Exactly the lines from the one with "Havutlu Köyünde 3" through the end of the data below must be set down, and no pictures with them.
╭─ Data
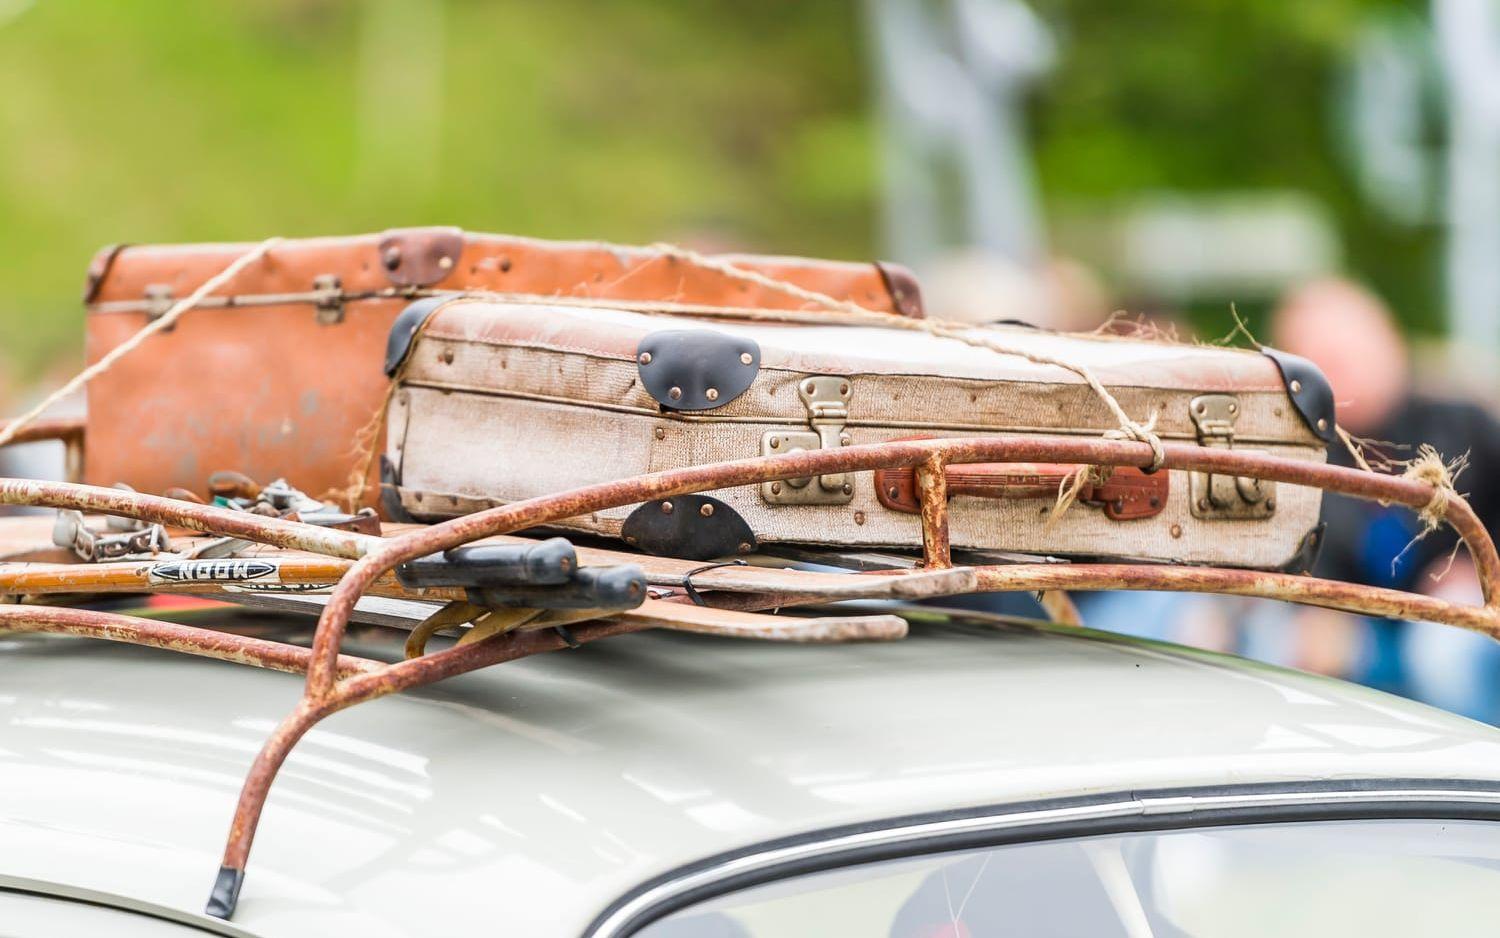 2019: Många veteranbilsfantaster anser det vara viktigt att ha så mycket orginaldelar på sin bil som möjligt. Kanske även väskor?
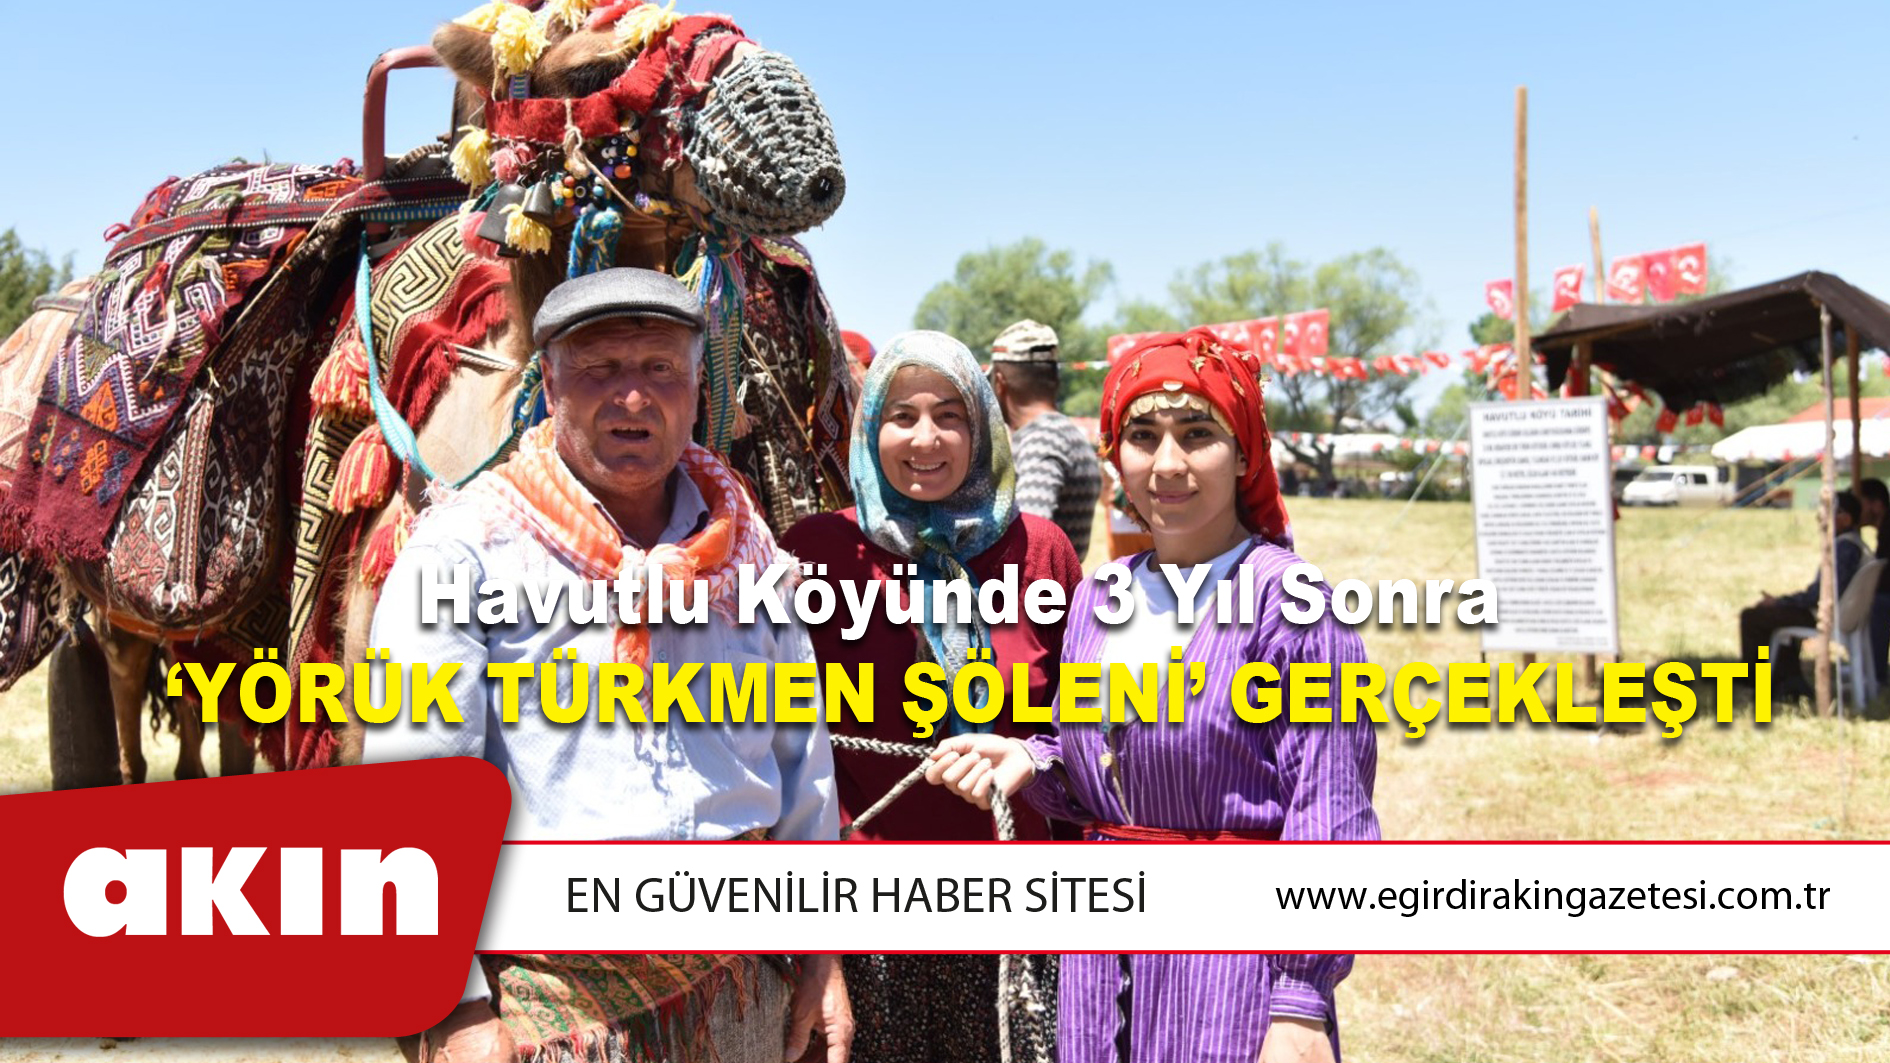 Havutlu Köyünde 3 Yıl Sonra  ‘Yörük Türkmen Şöleni’ Gerçekleşti
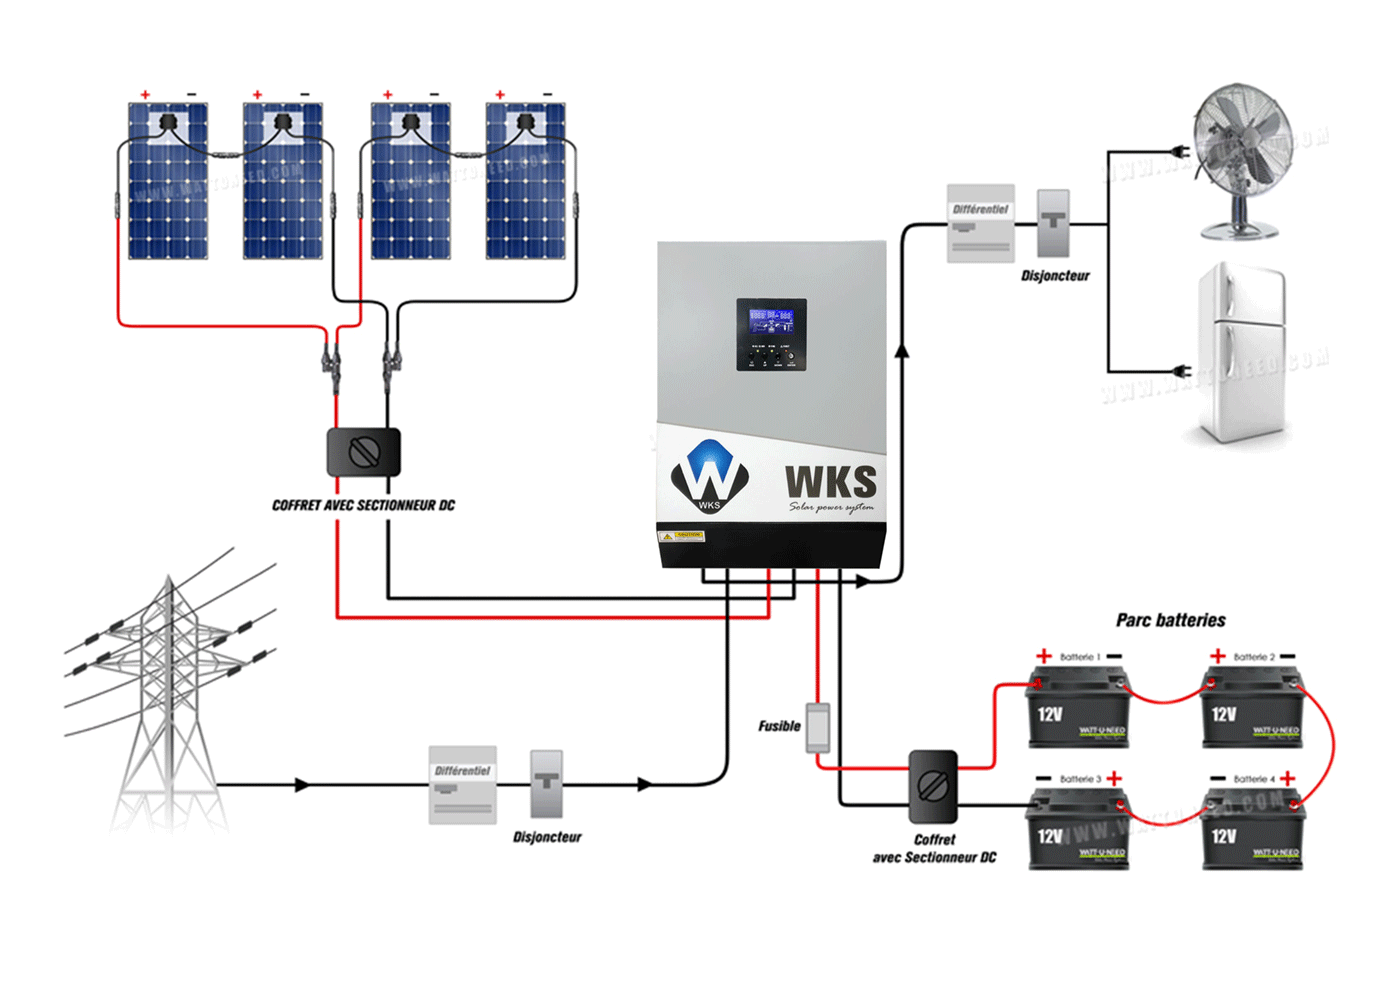 WKS hybrid inverter operating diagram
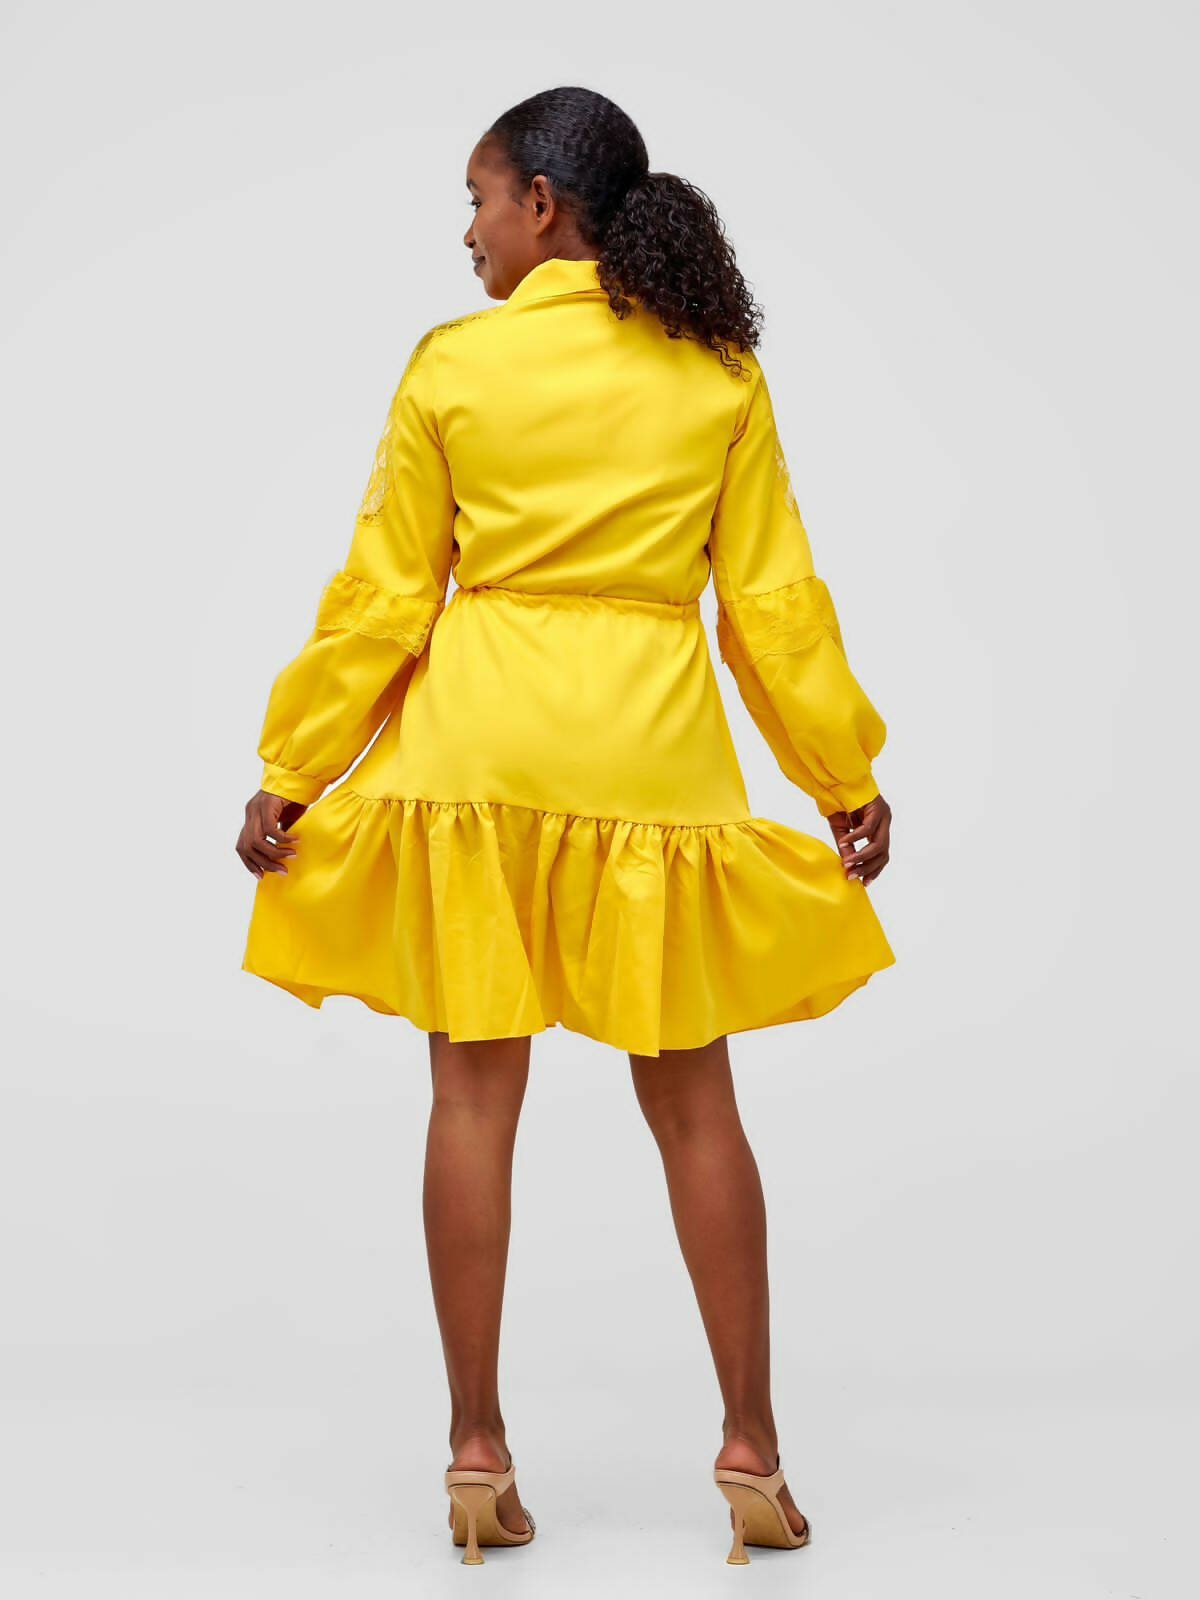 StylishSisters Dress - Mustard - Shopzetu
╰─
Final answer:
 Havutlu Köyünde 3 Yıl Sonra  ‘Yörük Türkmen Şöleni’ Gerçekleşti
 WKS hybrid inverter operating diagram
 StylishSisters Dress - Mustard - Shopzetu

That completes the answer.